Chen:その危機感はたぶん、スクウェア・エニックスなどのメーカーが、ゲームエンジンに“Unreal Engine 3”を採用するようになったことで表面化したと思うんですよね。革新性という点では、たしかに日本のゲームはアメリカほどスピードが速くないと思います。それは日本のクリエイティビティが劣っているからではなく、市場が必要を感じていないからなんでしょうけれど。あと、アメリカに来てわかったんですが、ここでは新しいアイデアをもとに会社を興してビジネスにするまでのプロセスが、とてもラクです。
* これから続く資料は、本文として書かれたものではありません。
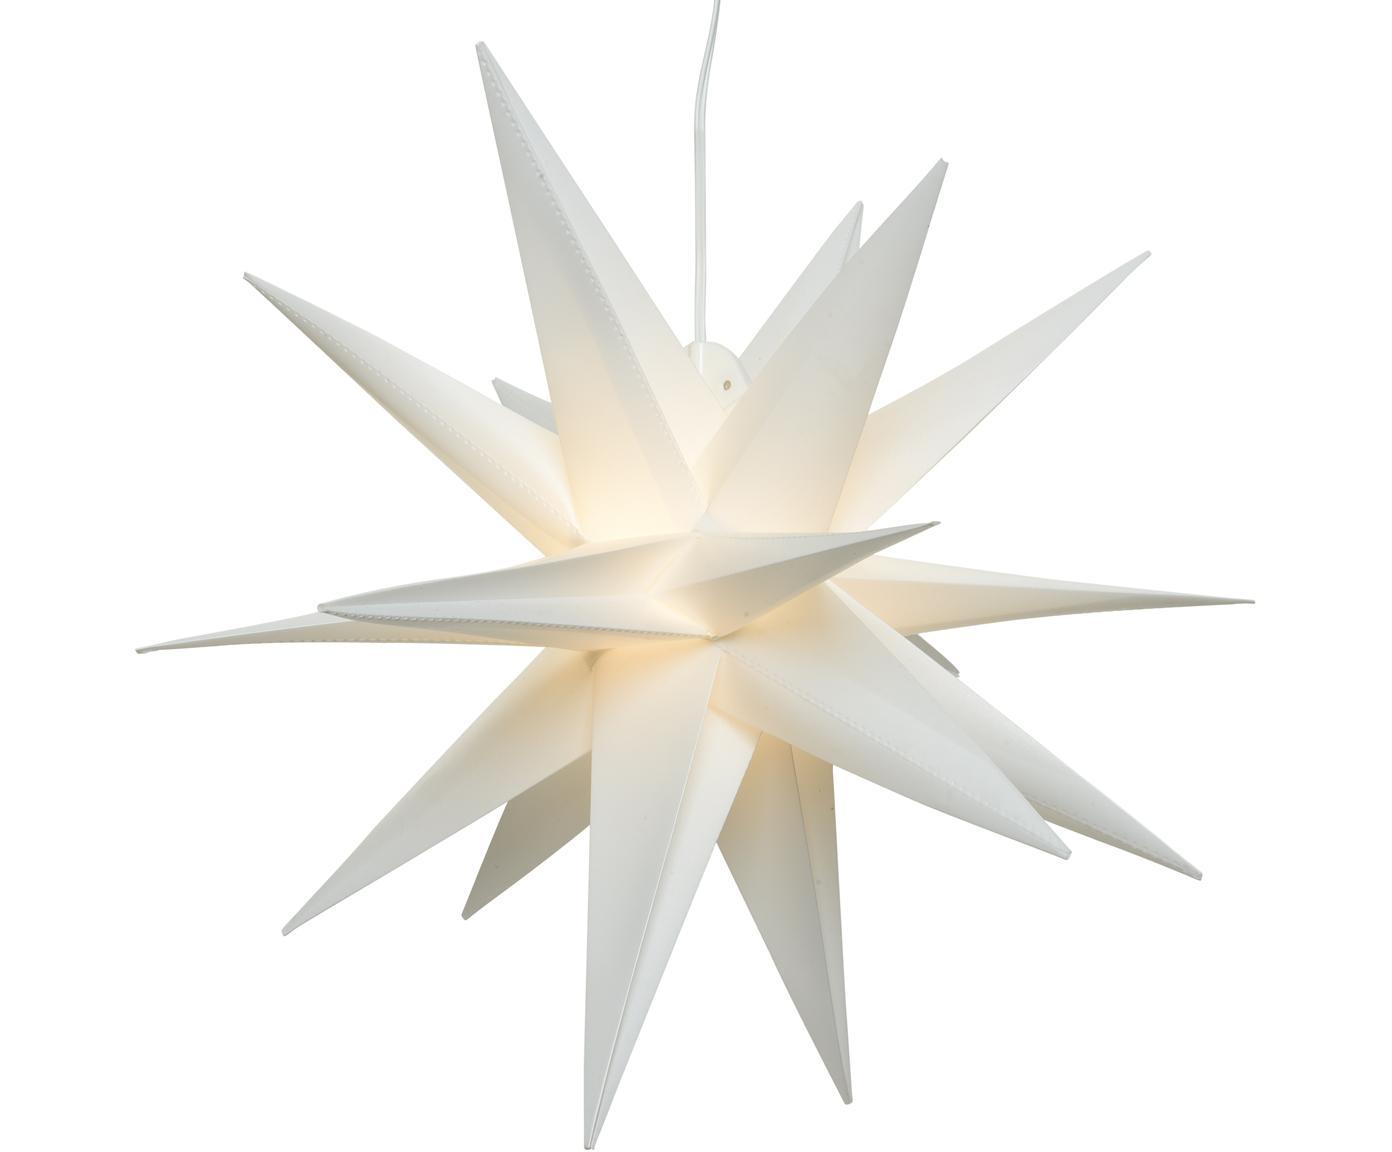 Batterij-aangedreven LED lichtster Zing, Wit, Ø 30 cm

Barnett:でも、過去を振り返っても、日本と西洋はお互いに競争をくり返して切磋琢磨してきた歴史があると思うんです。日本のゲーム業界は長年すごく強かったけれど、もともと『ドンキーコング』や『マリオ』が生まれたのも、その前に繁栄したアタリのゲームに触発されてのことだと思うし、RPGだって、日本と西洋が影響し合っている。だから、日本の開発者がこのまま遅れをとるとは考えられない。欧米のゲームを見てすごいと思ったクリエイターたちが、僕らを驚かせる日がまたくるんじゃないでしょうか。

――日本にも、個人や小集団のレベルで自分のビジョンを追求しているゲーム開発者がいます。そういった人たちに向けてメッセージをお願いします。
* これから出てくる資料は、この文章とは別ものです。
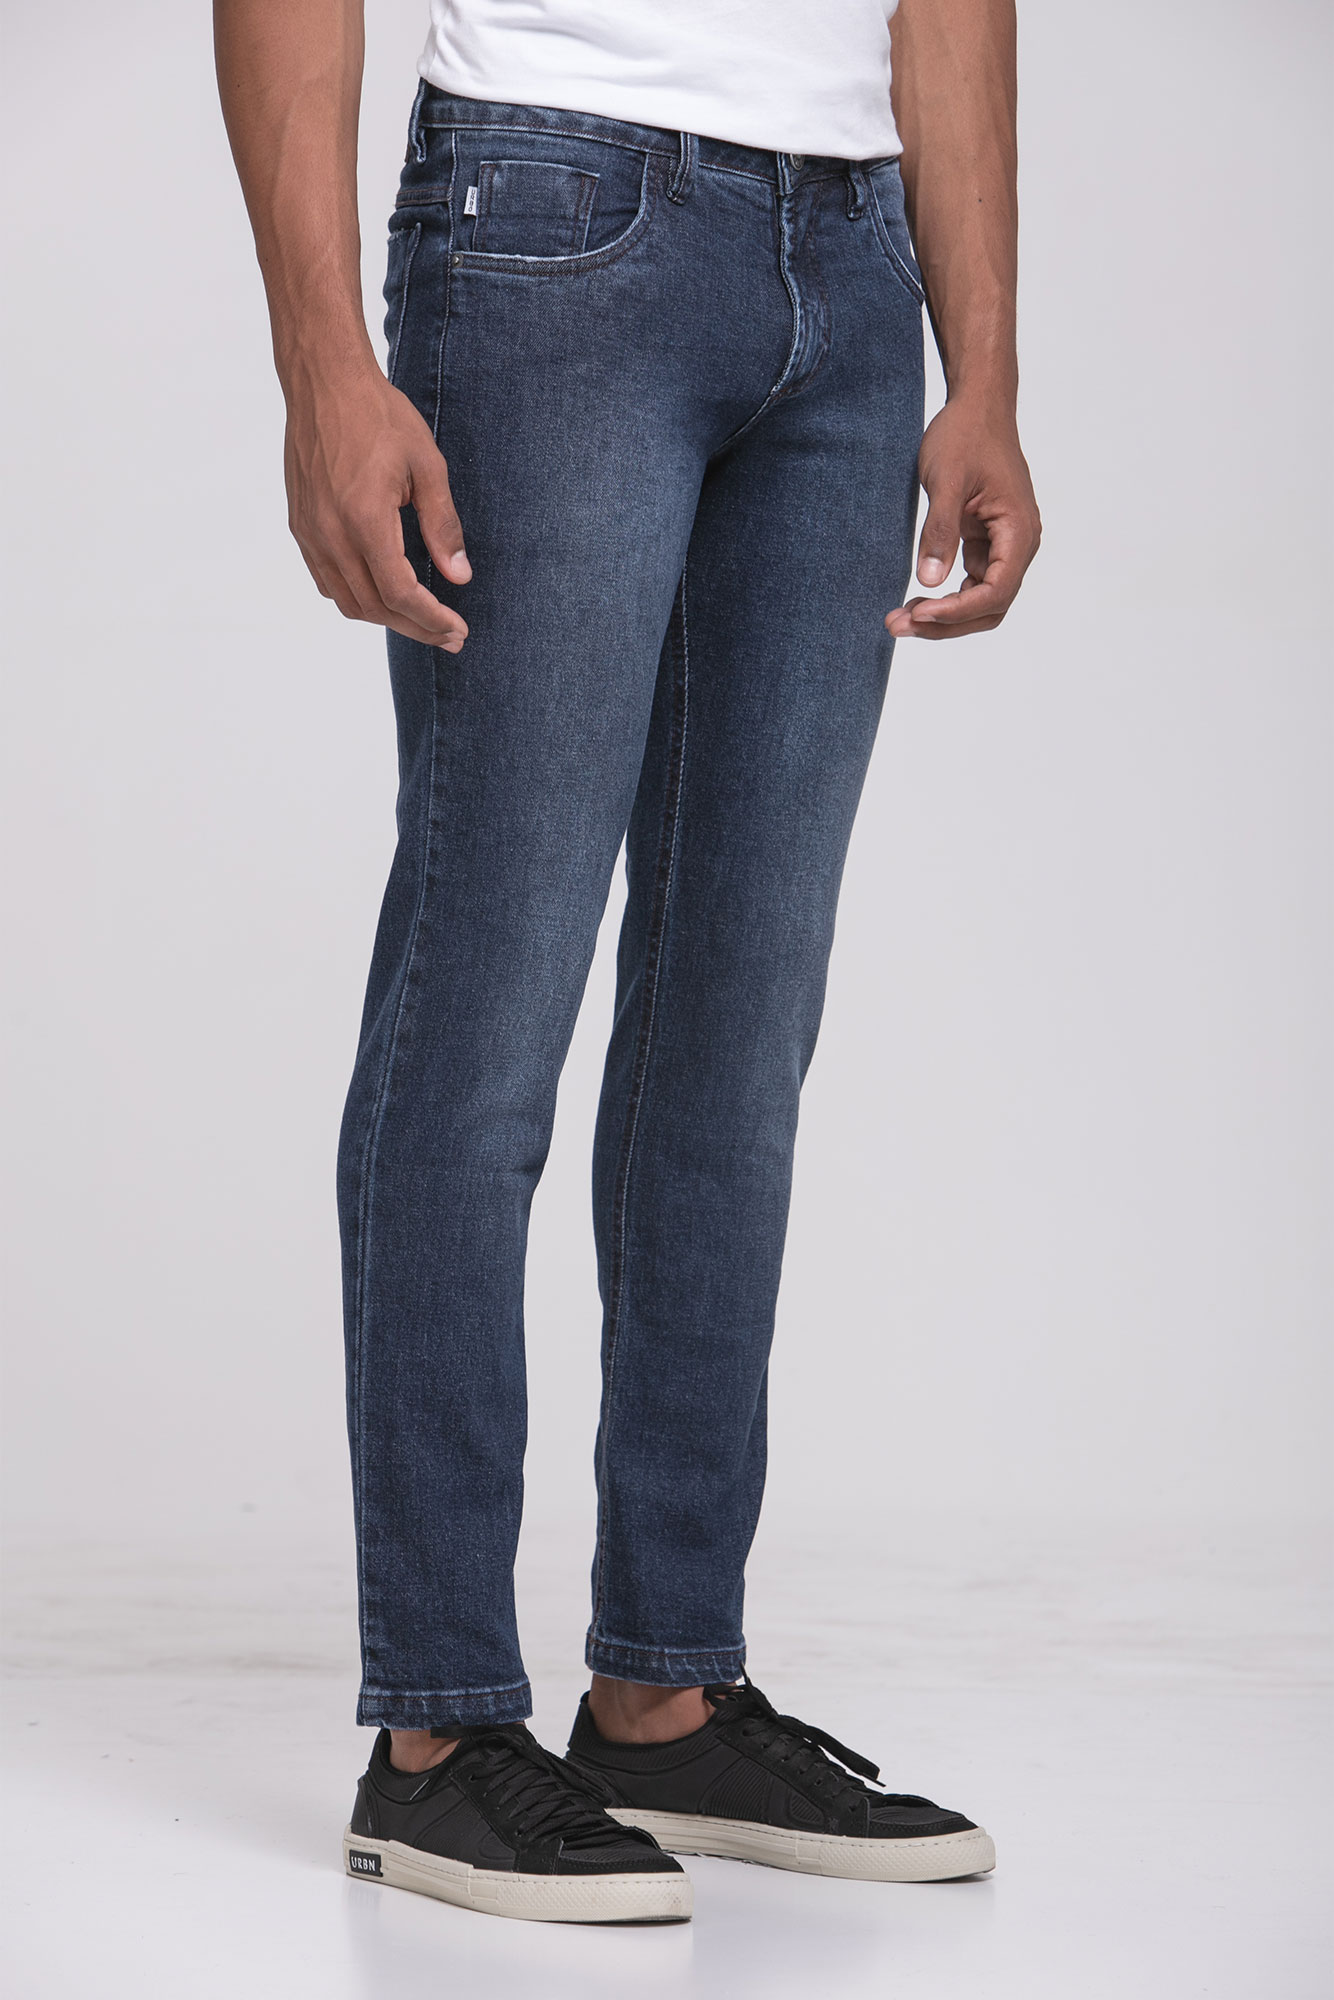 Calça Jeans Galaxy Blue

Chen:アメリカでもインディーズゲームがメディアに注目されるようになったのは、ほんの2、3年前のことなんですよ。最近では学生プロジェクトからメインストリームの市場にデビューするという流れも生まれています。日本のゲーム開発者はもっと自分をプロモートすべきだと思う。アメリカのインディーズゲームのイベントはどの国からも出品も受けつけているのに、日本のゲームはどうして出品されないのでしょう? 僕のルームメイトは、インタラクティブノベルを自作して日本の同人イベントに出品しようとしていますが、その逆の流れがあまり見あたらないんですよね。

――たしかに。それは言葉の壁が大きいんでしょうけれど……。

Barnett:僕も言葉の問題を指摘しようと思うんですが、あるアンケートで、複数の言語をしゃべれるかという質問をしたところ、日本とアメリカがワースト3位に入っていたそうです。それだけ日米の言葉の壁は厚いし、アイデアのやりとりも少ないと思うんですよね。僕らが日本のインディーズゲームを探そうと思うとけっこう大変で、見つけても操作方法がわからない。アクションやシューティングだったら手探りでなんとかなるけれど、カットシーンのセリフはお手上げですしね。でも、『洞窟物語』のように英語化されて人気が広がった例もあります。英語圏の人間にとって日本語サイトはなかなか入りづらいので、まずは“Newgrounds”や“Kongregate”のように自作ソフトを紹介できるサイトに投稿してみたらどうでしょうか。

――どうもありがとうございました。

 インタビューを終えたあと、「日本のゲームの話ができて楽しかった」と楽しそうに語っていた2人。まだ20代という若さだが、子供時代に楽しんだゲームを生み出した国について、その現状を親身にとらえ、開発者にとって有益なアドバイスをしてくれたと思う。「日本のインディーズゲームをもっと見てみたい」という2人の言葉が印象的だった。